Advanced X11 desktop automation features including OCR, element finding, and advanced interactions.
Prerequisites
Before you begin, make sure you have:
- VNC server running - A VNC server must be started (see VNC Server)
- Desktop template - A sandbox with desktop support enabled
- Active sandbox - A running sandbox with desktop capabilities
- Basic desktop automation - Familiarity with basic desktop operations is helpful
Overview
X11 advanced features enable:
- OCR (Optical Character Recognition) text extraction
- Finding UI elements by text
- Waiting for elements to appear
- Advanced drag and drop
- Window capture
- Hotkey execution
Desktop automation requires a template with desktop support. Ensure your sandbox has desktop capabilities enabled.
OCR (Optical Character Recognition)
Extract text from screen regions using OCR:
from hopx_ai import Sandbox
sandbox = Sandbox.create(template="desktop")
# Extract text from region
text = sandbox.desktop.ocr(100, 100, 400, 200)
print(f"Extracted text: {text}")
# OCR with custom language
text = sandbox.desktop.ocr(100, 100, 400, 200, language="eng")
print(f"Text: {text}")
Expected Output:Extracted text: Hello World
Text: Hello World
import { Sandbox } from '@hopx-ai/sdk';
const sandbox = await Sandbox.create({ template: 'desktop' });
// Extract text from region
const text = await sandbox.desktop.ocr(100, 100, 400, 200);
console.log(`Extracted text: ${text}`);
// OCR with custom language
const text2 = await sandbox.desktop.ocr(100, 100, 400, 200, { language: 'eng' });
console.log(`Text: ${text2}`);
Expected Output:Extracted text: Hello World
Text: Hello World
Finding Elements
Find UI elements by text:
# Find element by text
element = sandbox.desktop.find_element("Submit")
if element:
print(f"Found at: ({element['x']}, {element['y']})")
print(f"Size: {element['width']}x{element['height']}")
# Click the element
sandbox.desktop.click(element['x'], element['y'])
else:
print("Element not found")
Expected Output:Found at: (150, 200)
Size: 100x30
// Find element by text
const element = await sandbox.desktop.findElement('Submit');
if (element) {
console.log(`Found at: (${element.x}, ${element.y})`);
console.log(`Size: ${element.width}x${element.height}`);
// Click the element
await sandbox.desktop.mouseClick(element.x, element.y);
} else {
console.log('Element not found');
}
Expected Output:Found at: (150, 200)
Size: 100x30
Waiting for Elements
Wait for an element to appear:
# Wait for element to appear (default: 30 seconds)

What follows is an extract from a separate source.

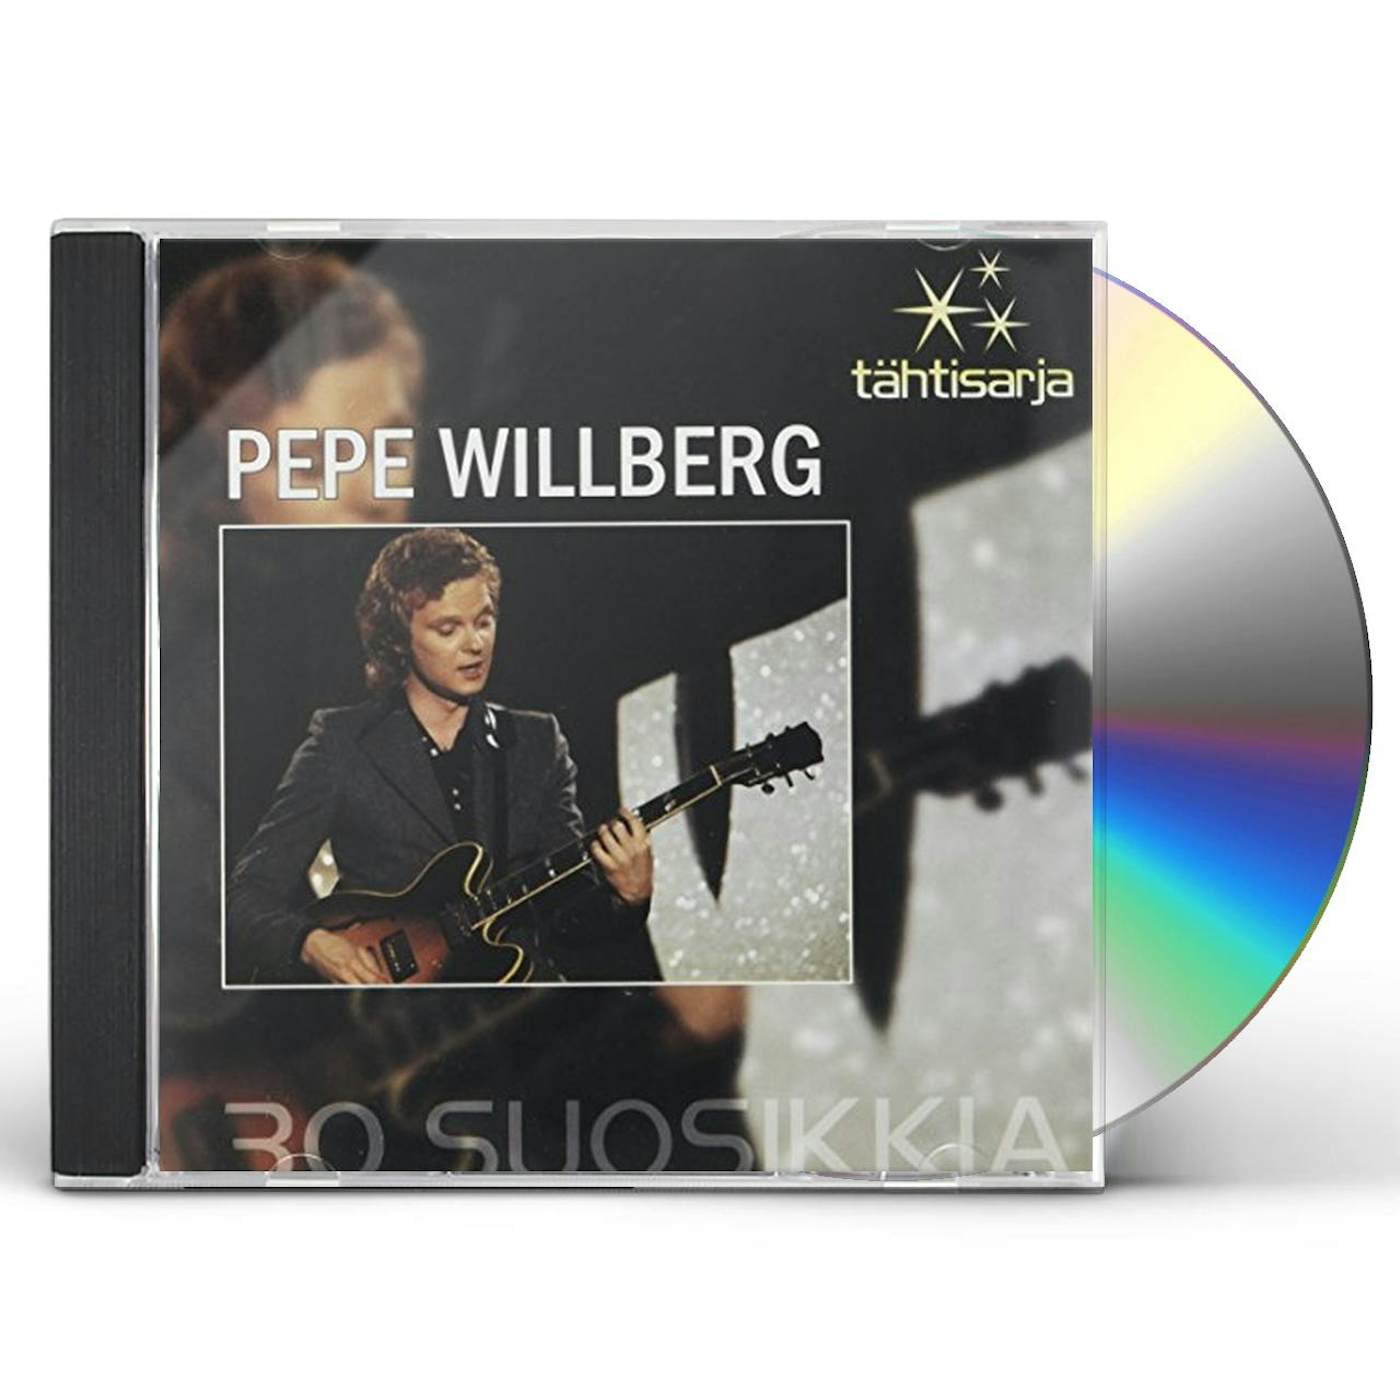 Pepe Willberg TAHTISARJA: 30 SUOSIKKIA CD

element = sandbox.desktop.wait_for("Loading complete", timeout=60)
print(f"Element found at: ({element['x']}, {element['y']})")
# Click when found
sandbox.desktop.click(element['x'], element['y'])
Expected Output:Element found at: (200, 300)
// Wait for element to appear (default: 30 seconds)
const element = await sandbox.desktop.waitFor('Loading complete', 60);
console.log(`Element found at: (${element.x}, ${element.y})`);
// Click when found
await sandbox.desktop.mouseClick(element.x, element.y);
Expected Output:Element found at: (200, 300)
Getting Element Bounds
Get bounding box of an element:
# Get element bounds
bounds = sandbox.desktop.get_bounds("OK Button")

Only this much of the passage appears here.